Petro took office on 7 August 2022 and in the weeks since then has tried to push forward several ambitious agendas: a progressive tax reform that has met with reticence from the private sector; steps towards land redistribution through agreements with a sector historically hostile to this policy, such as the livestock sector; and the opening of negotiation and ‘submission’ processes with all types of illegal armed groups, with a view to achieving what he has grandiloquently called “total peace”.

For Valeria Coronel, these political projects need to be read in terms of their relationship with the elites.

While in Chile these are elites with long-standing business expertise and state backing, in Colombia they have been formed in the regions, “not to build a Colombian nation, but to guarantee their power through an oligarchic pact” that has excluded the country’s lower classes since the 19th century and is still in place today.
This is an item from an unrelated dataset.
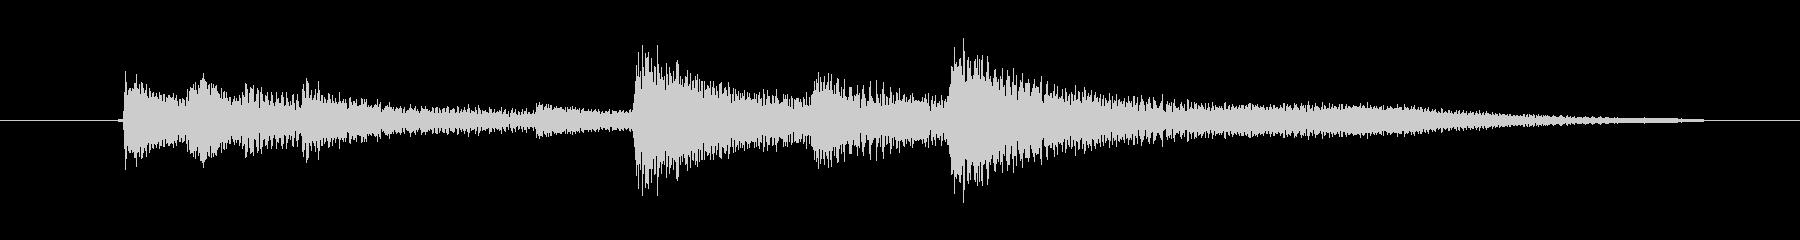 ピアノの響きが美しい汎用的なジングルの未再生の波形

For the academic, however, this oligarchic order is not being replaced but challenged by historically excluded groups.

As part of this inclusion process, Petro is promoting a change in the narrative on drugs and more differentiated responsibilities with regard to climate change. He is asking the world to swap foreign debt for environmental services and is pushing for an energy transition that has the business community’s hair standing on end, having suggested an end to new oil, gas and coal exploration, with all that this might represent in fiscal terms.

The stories of Peru, Chile and Colombia are different, for example, in terms of the role of ethnicity in shaping their nations and the rise of these governments, but Coronel believes that in all three cases these projects “offer a combination of democratisation, the inclusion of people-centred agendas within the democratic project, and the regulation of capital rather than the policy of open concessions over territories”. This regulation, she clarifies, is not “post-capitalist”, it does not go beyond capitalism, but seeks to contain it for the benefit of certain population groups, which are different in each country.

This applies both to Colombia, a country where all the governments of contemporary times have been liberal or conservative, and to Chile, where the left has been in power, in the form of the now dissolved Concertación coalition. These countries also have agendas that are clearer than that of Peru when it comes to gender and the environment. Boric was promoted, among others, by feminist movements, and gender equality is one of his banners. In Petro’s case, his vice president, Francia Márquez, represents both this struggle and those of Afro-Colombians.

Identity issues and the critique of the extractivist and oil-dependent model are a feature of these leftist parties that was not present on the traditional Marxist left.

Meanwhile, Pedro Castillo, despite his teacher and trade union origins, has profoundly conservative traits when it comes to gender. “He has conservative values, but it is not something that defines his political identity, because he is capable of negotiating,” says María Sosa Mendoza. The green and multicoloured flags waved by the Chilean and Colombian governments seem to be more absent in the Peruvian case.

It is too early for a full assessment of Boric, Petro or Castillo. Although they bring something new to the region, compared to previous projects and figures that have already governed and whose styles and scope are clearer, such as the recently elected Lula Da Silva in Brazil, their newness, their promises and performances are up against a complex economic reality that looks set to become even harsher, and that will undoubtedly force them to at least moderate their expectations and operate more within the realm of the possible.

This article has been translated from Spanish.